Under Jackson, the removal of the Cherokee, Muscogee or Creek, Seminole, Chickasaw, and Choctaw nations became a priority. In 1830, his second year in office, the Indian Removal Act of 1830 called for forcing these five tribes to relocate to Oklahoma, then known as the Indian territory. This act broke previous treaties with each tribe. That each tribe was located in the Deep South, and Southerners wanted their lands so the Southerners could have slaves plant cotton. That the Choctaw had fought alongside Jackson in the Battle of New Orleans, which made him a national hero, tells the reader all he needs to know about the character of our eighth president.
In 1831, the U.S. Supreme Court ruled that the Cherokee could not sue Georgia. But in writing that decision, Chief Justice John Marshall telegraphed that the court would hear the case if someone else challenged Georgia. The Cherokee found that someone in Samuel Worcester, a Christian missionary who was born on January 19, 1798, in Worcester, Massachusetts, a seventh generation pastor going back to when the family resided in England. He truly believed in the Bible and in the rights of the Cherokee. He defied the Georgia law that required any non-Cherokee living on Cherokee land be licensed by the state.
Which led to the Worcester v. Georgia case. This time, Wirt prevailed.
However the case had no impact on the fate of the Indians. Oh, the court ruled that the Cherokee were a sovereign people to some extent, but the removal of Indians from what became the Confederate States continued as President Jackson and his successor, President Van Buren, marched the Indians away in the Trail of Tears, a march as cruel as the Japanese Bataan Death March a century later. The U.S. government marched the Choctaw out of Mississippi, Florida, Alabama, and Louisiana in 1831; the Seminoles from Florida in 1832; the Muscogee or Creek from Alabama, Georgia, and Florida in 1834; the Chickasaw from Mississippi, Alabama, and Tennessee in 1837; and the Cherokee from Georgia, Tennessee, North Carolina and South Carolina.
This is another side of the evil of slavery that goes largely unacknowledged today.
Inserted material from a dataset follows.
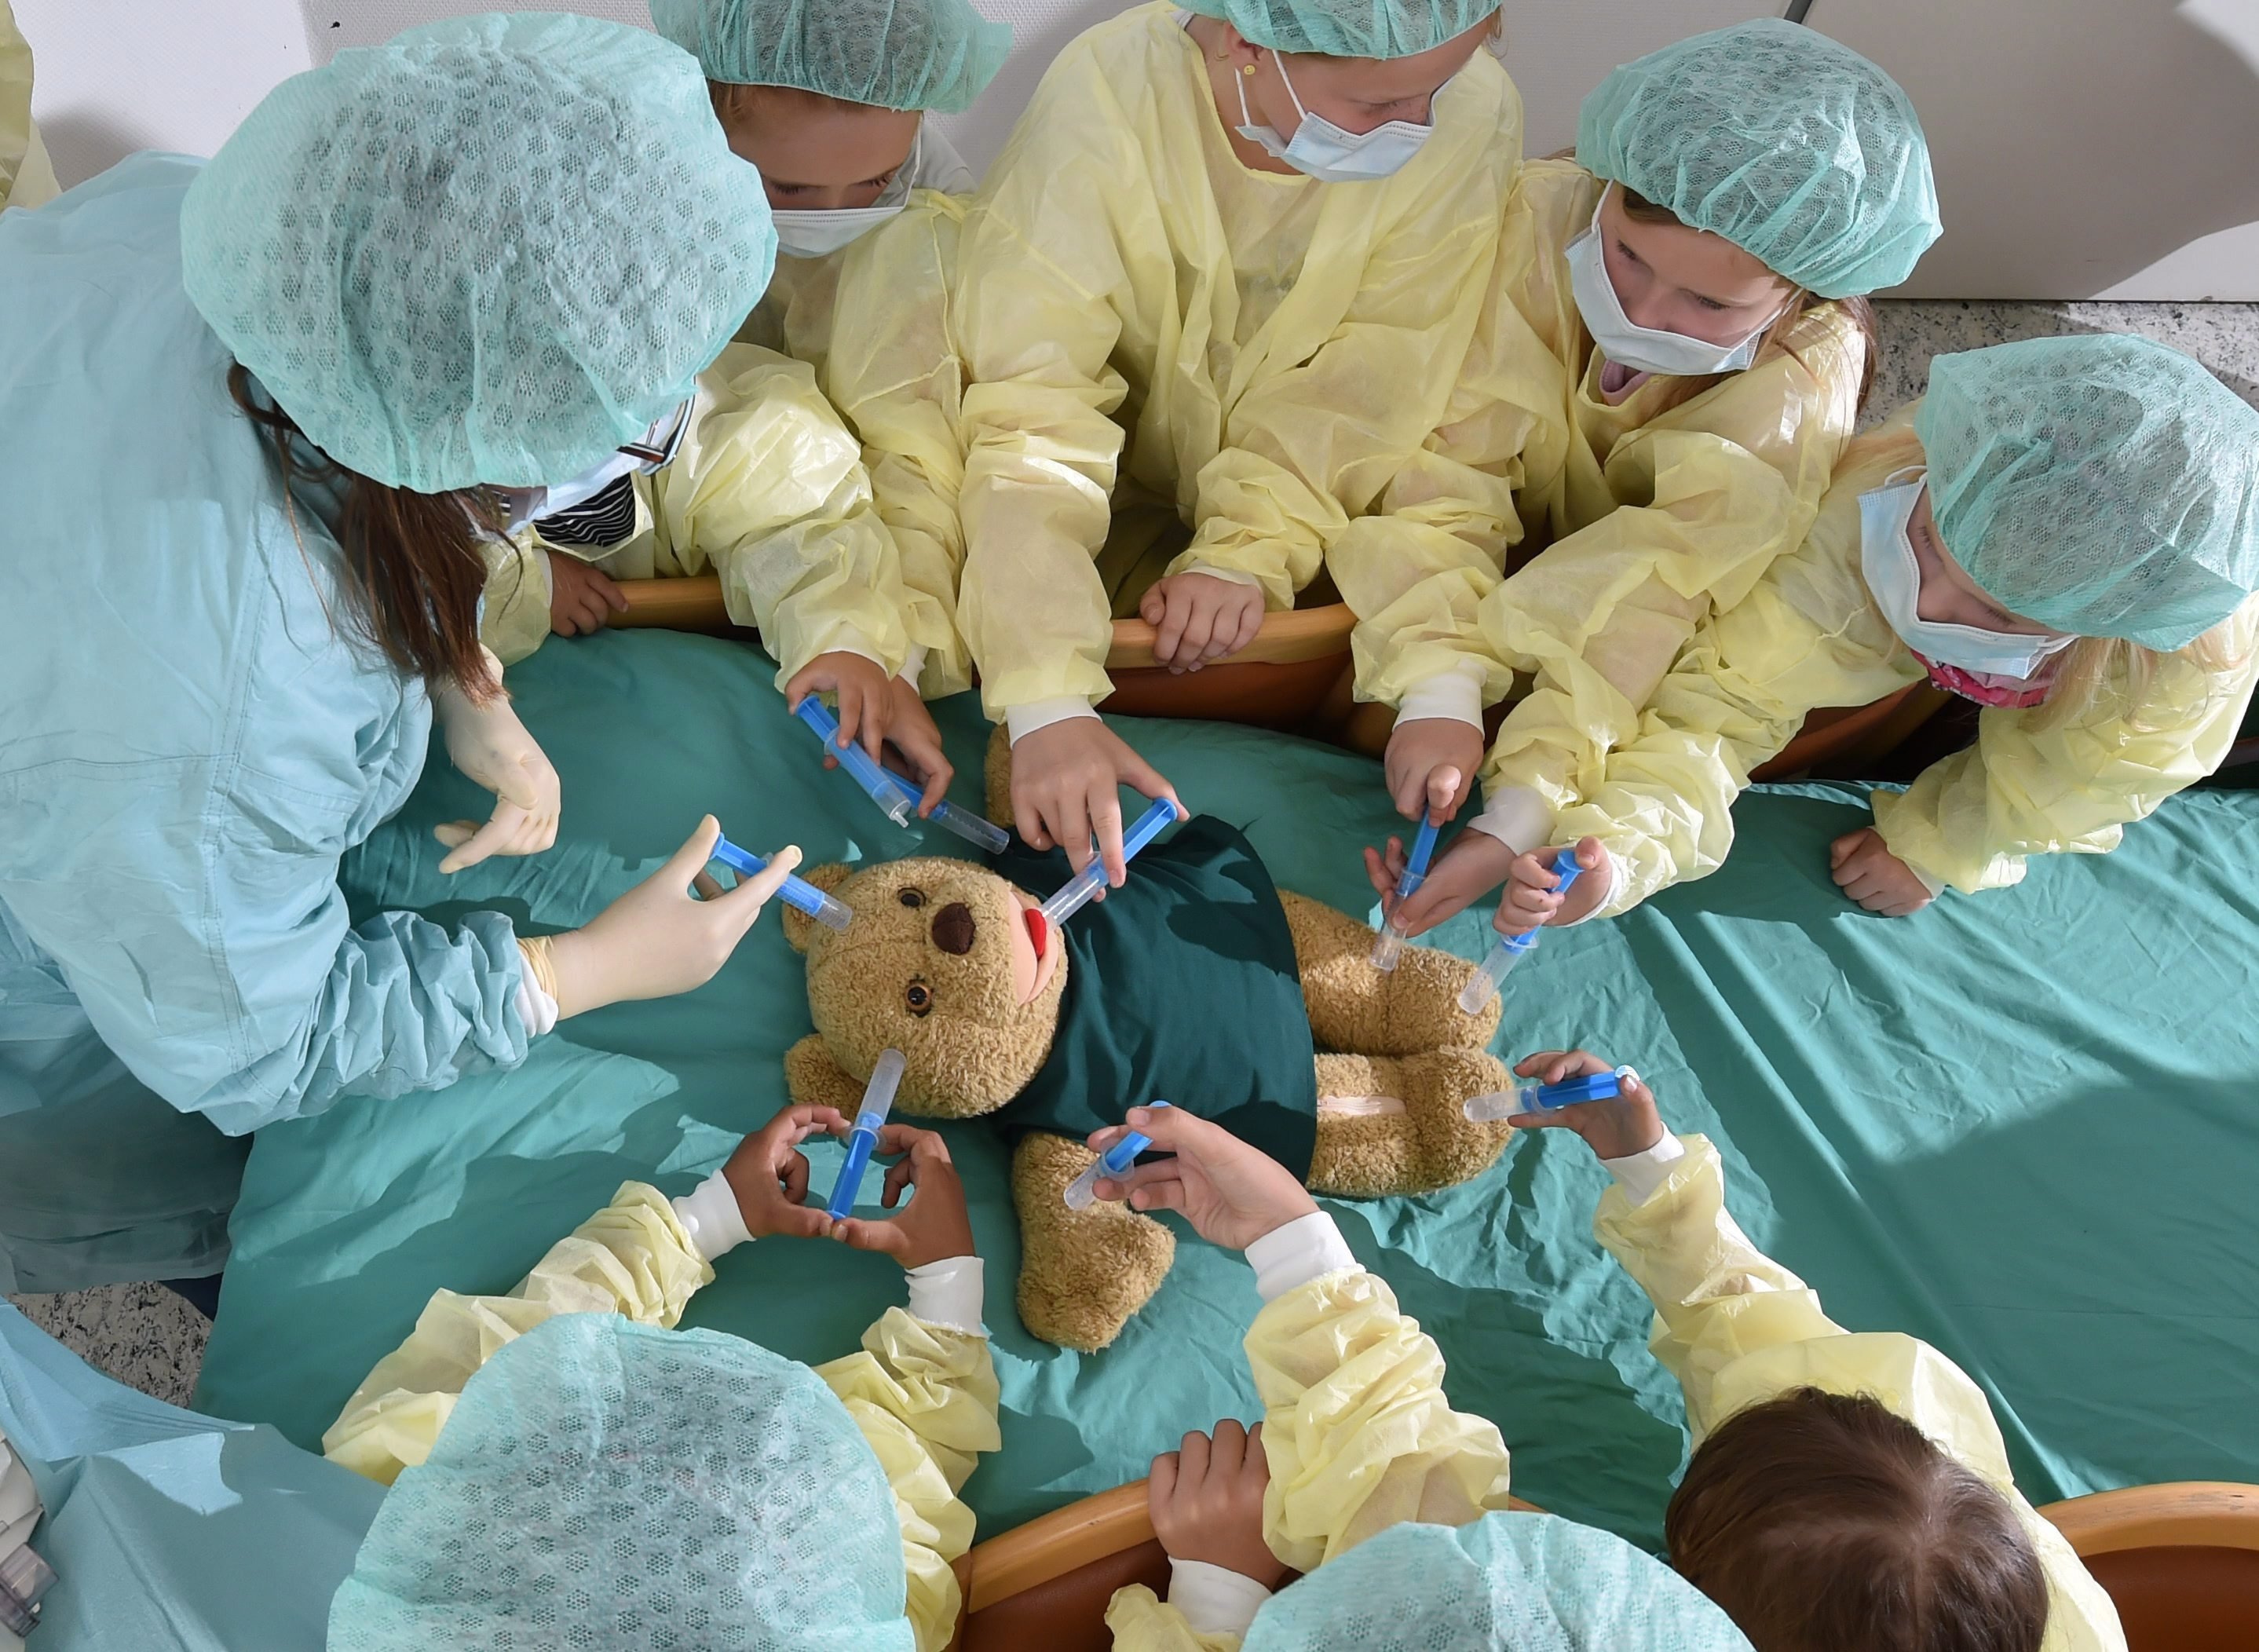 Kislányok egy plüssállat orvosi ellátását mímelik egy orvostanhallgató (balra) vezetésével a közép-németországi Halle (Saale) egyetemi kórházában 2016. május 23-án.

The government removed the Indians to allow white plantation owners to send in black slaves to till the soil and turn forests into cotton fields
However, that is not the fault of William Wirt. He did his best in a time when white people consider people of other races chattel in America. He was a fine attorney general because he represented the people first, the politicians last.
In 1832, the Anti-Masonic Party nominated him for president, which was odd as he was a Freemason and had no problem with the organization. Nevertheless, he carried Vermont, receiving 7 votes in the Electoral College. His running mate was Amos Ellmaker, an original incorporator of the Pennsylvania Railroad.
Two years later, Wirt died at age 62. Nearly two centuries later, the rest of the country may have forgotten him, but not the 5,845 West Virginians who call Wirt County home, including the 823 residents of Elizabeth.